* _WORK INSTRUCTIONS_:
When you copy the records that follow, please keep every word exactly as it is and leave out the pictures.

Data excerpts:
*** Begin section ***

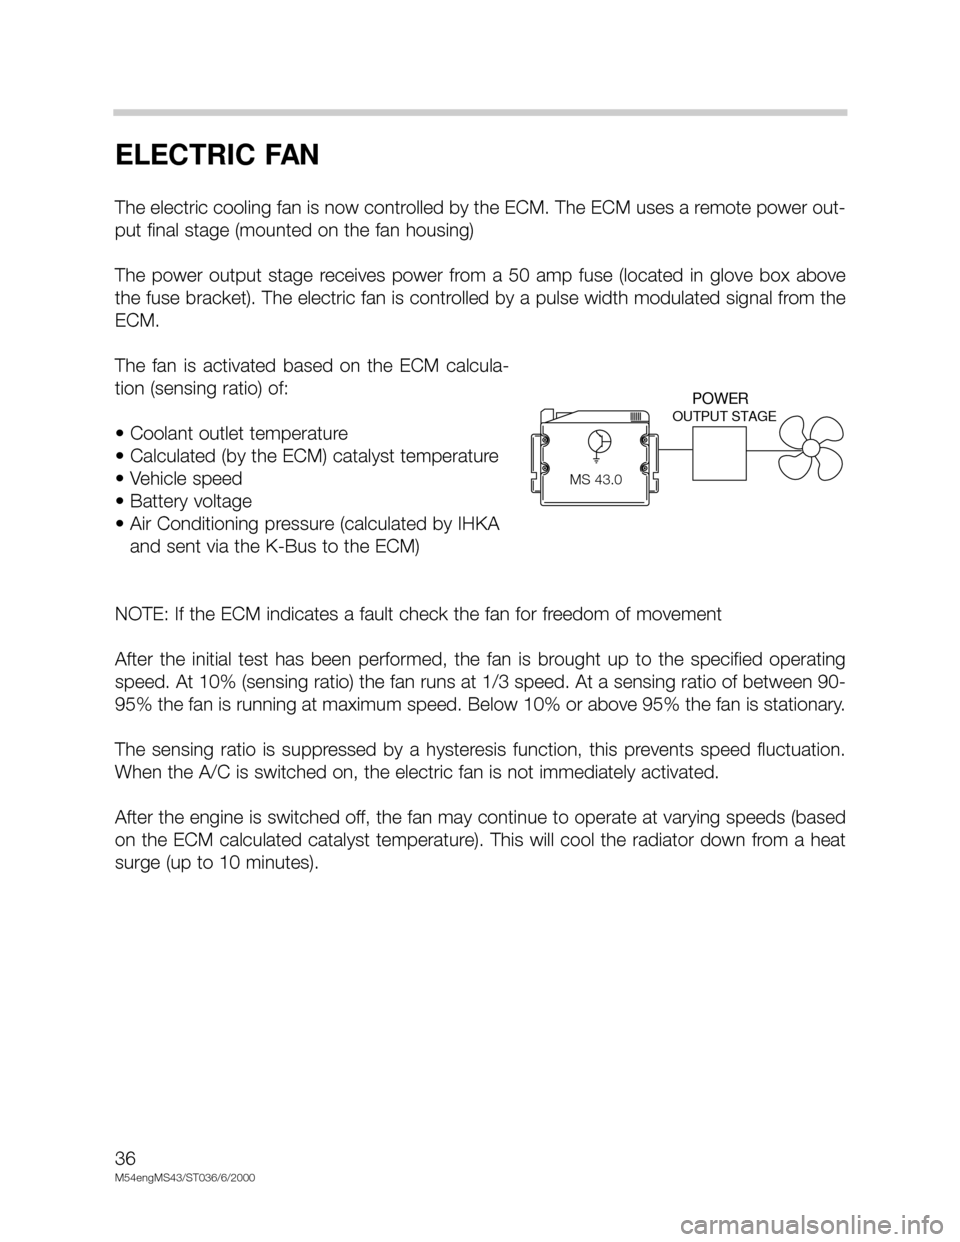 BMW X5 2002 E53 M54 Engine Workshop Manual 36
M54engMS43/ST036/6/2000
ELECTRIC FAN
The electric cooling fan is now controlled by the ECM. The ECM uses a remote power out-
put final stage (mounted on the fan housing)
The  power  output  stage  
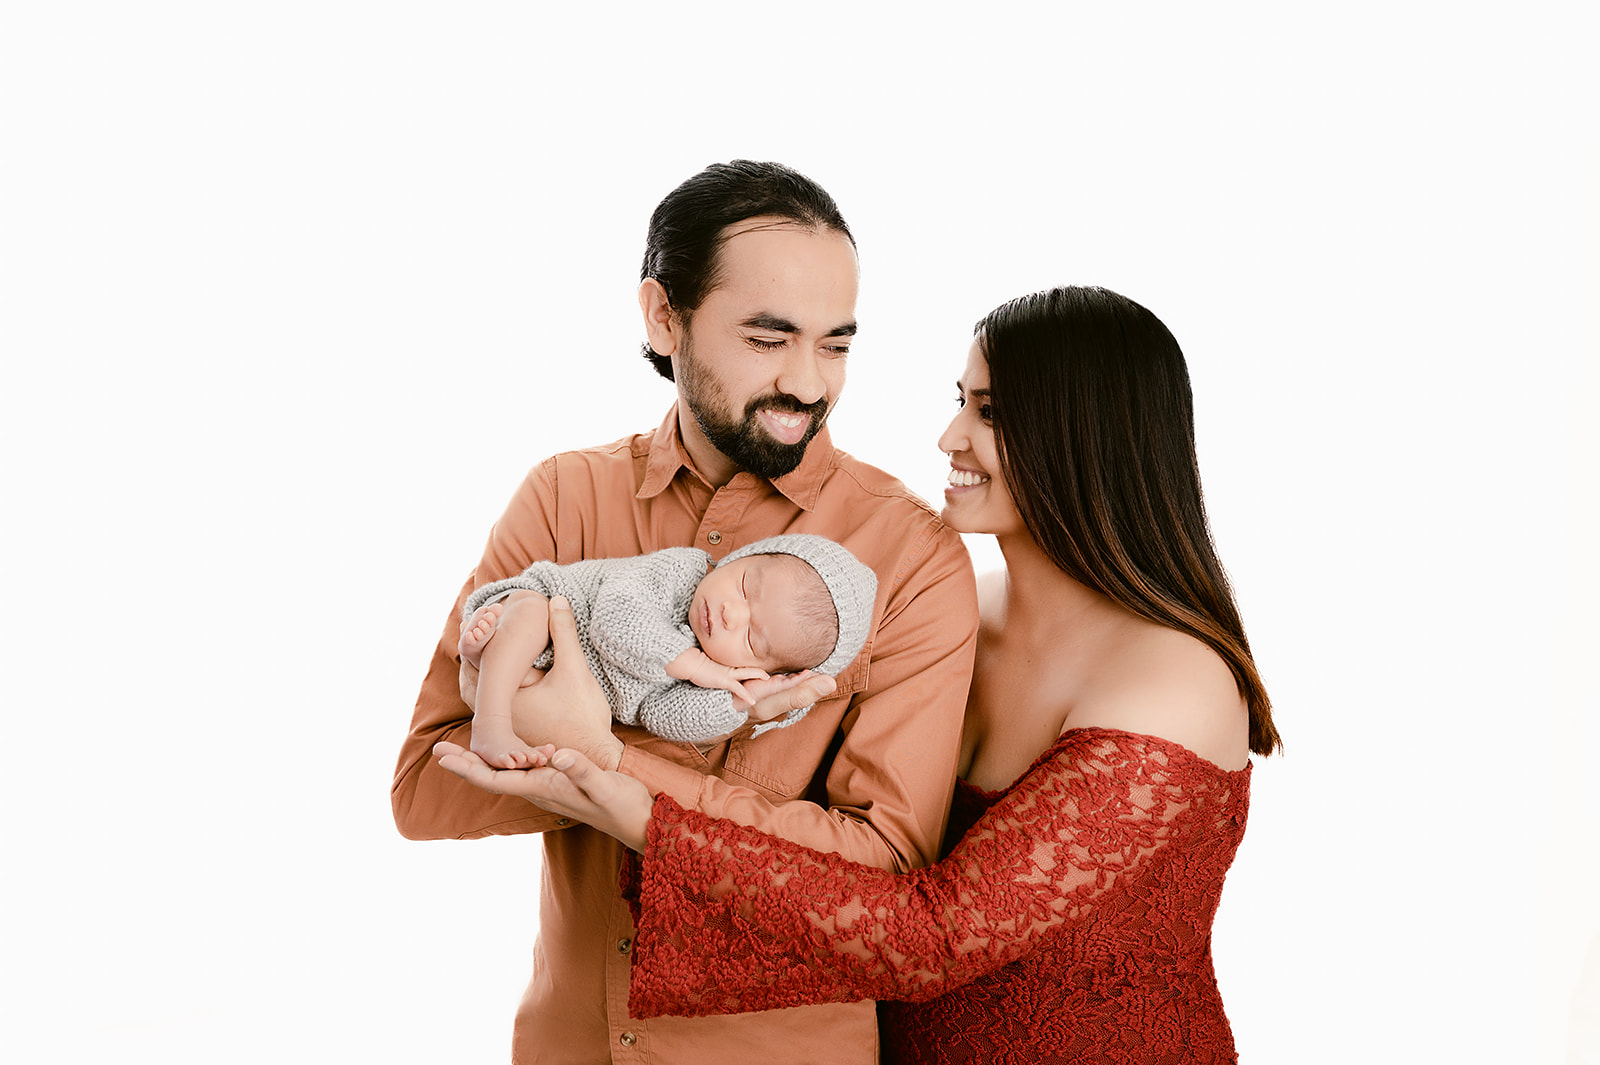 Family Portrait | Princeton MN Newborn Photography Studio | Safety Certified Newborn Photographer with 10 years experien

*** End section ***

* _RESULT BELOW_:
 BMW X5 2002 E53 M54 Engine Workshop Manual 36
M54engMS43/ST036/6/2000
ELECTRIC FAN
The electric cooling fan is now controlled by the ECM. The ECM uses a remote power out-
put final stage (mounted on the fan housing)
The  power  output  stage  
 Family Portrait | Princeton MN Newborn Photography Studio | Safety Certified Newborn Photographer with 10 years experien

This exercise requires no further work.